As a results of these plasma characterization tools, we report a continuous and rapid rollto- roll deposition of thin graphite film on Cu foil. The composition of the Ar/H2/CH4/N2/O2 plasma plays significant role in the successful direct growth of the thin graphite film on copper foil. Optical emission spectroscopy is used to characterize the plasma during graphite synthesis and show that the addition of N2 enhances the plasma reactivity, and O2 was found to increase the deposition rate of the graphite film. The film was characterized by Raman spectroscopy, scanning electron microscopy (SEM), transmission electron microscopy (TEM) and X-ray photoelectron spectroscopy (XPS). The described large-scale graphite production can produce a graphite-Cugraphite structure or uniform thin graphite films for thermal management applications in electronics devices.
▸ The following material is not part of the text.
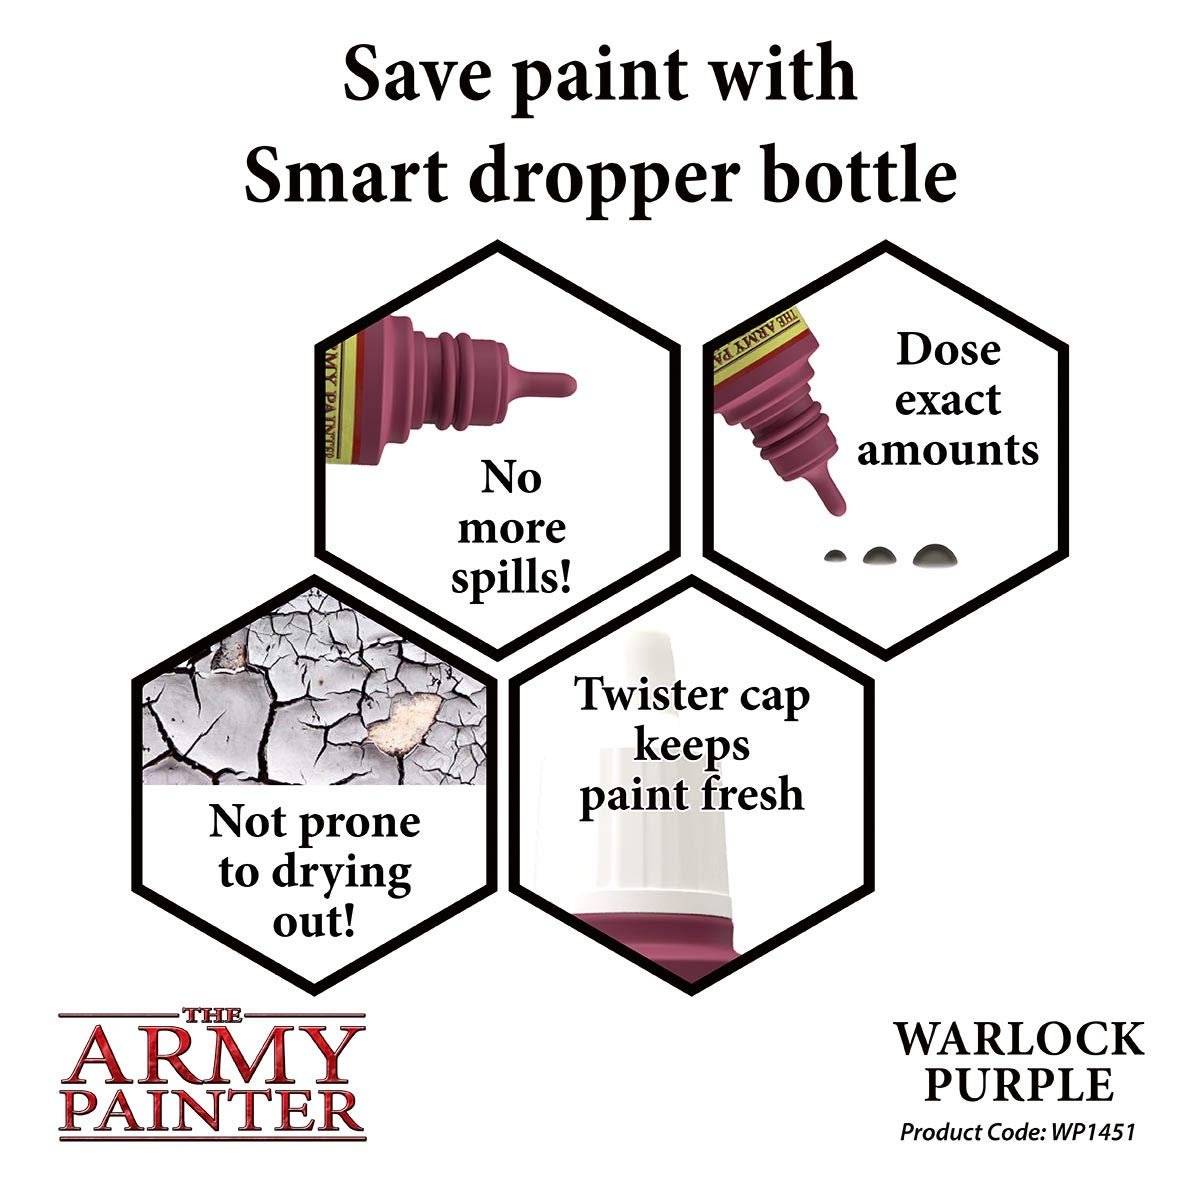 The Army Painter - Warpaints: Warlock Purple (18ml/0.6oz)
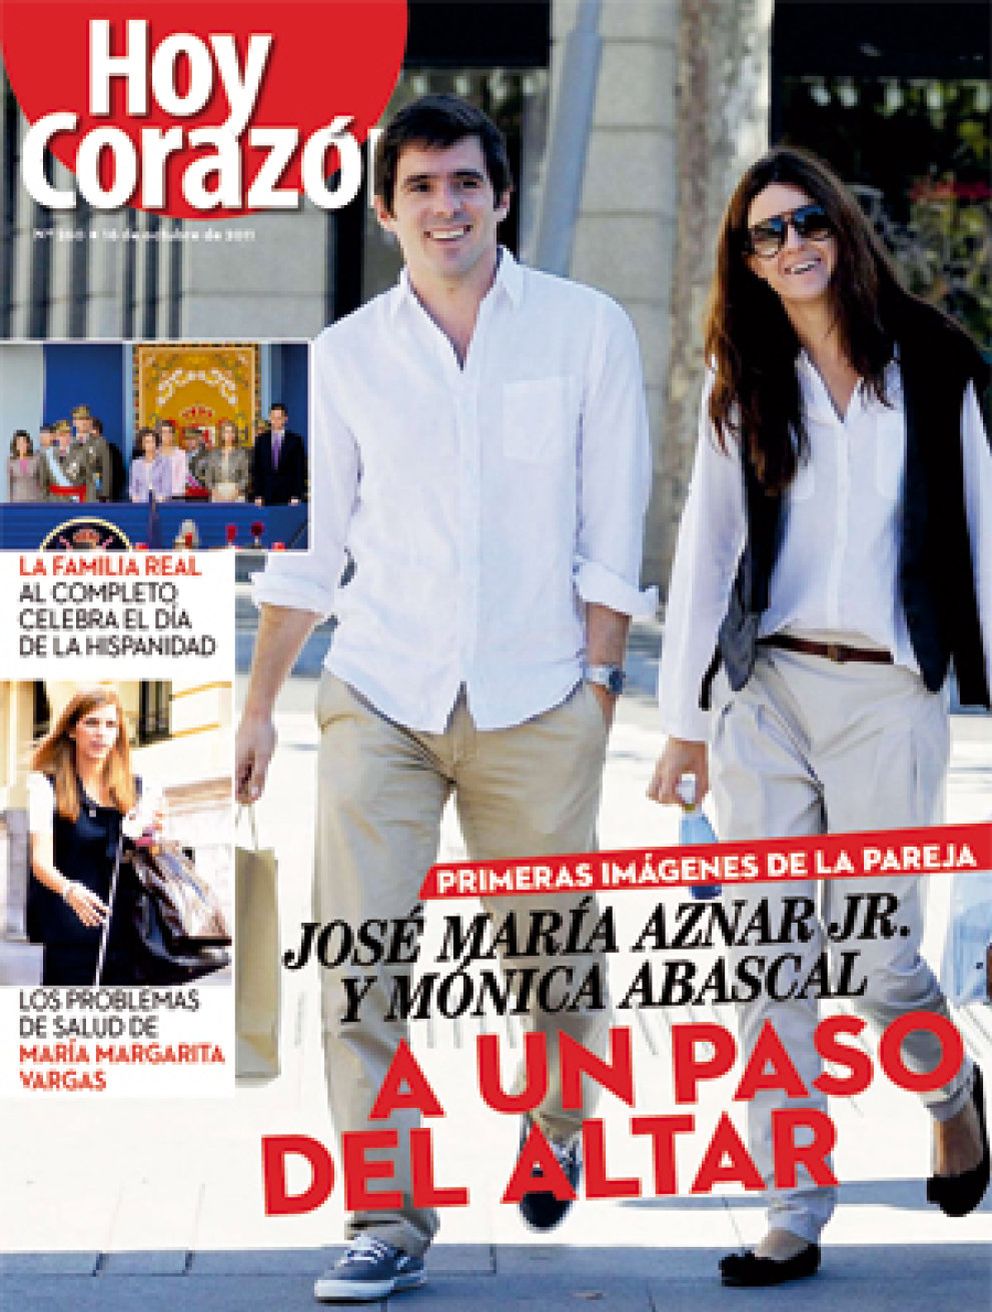 Foto: José María Aznar Jr. y su prometida ultiman los detalles de su boda

Graphene growth optimization, substrate thermal analysis, and plasma characterizations are used to control graphene mass-production in a custom-built roll-to-roll plasma CVD system. These techniques are addressed to provide a route for nanomanufacturing of graphene and graphite on Cu and Ni foils. These methods aid in understanding the correlations between process conditions and graphene quality, as well as the interactions between the plasma and the substrate, to yield high-throughput production of high-quality graphene. The procedure outlined here can be applied to efficiently scale-up the production of other micro- and nanomaterials.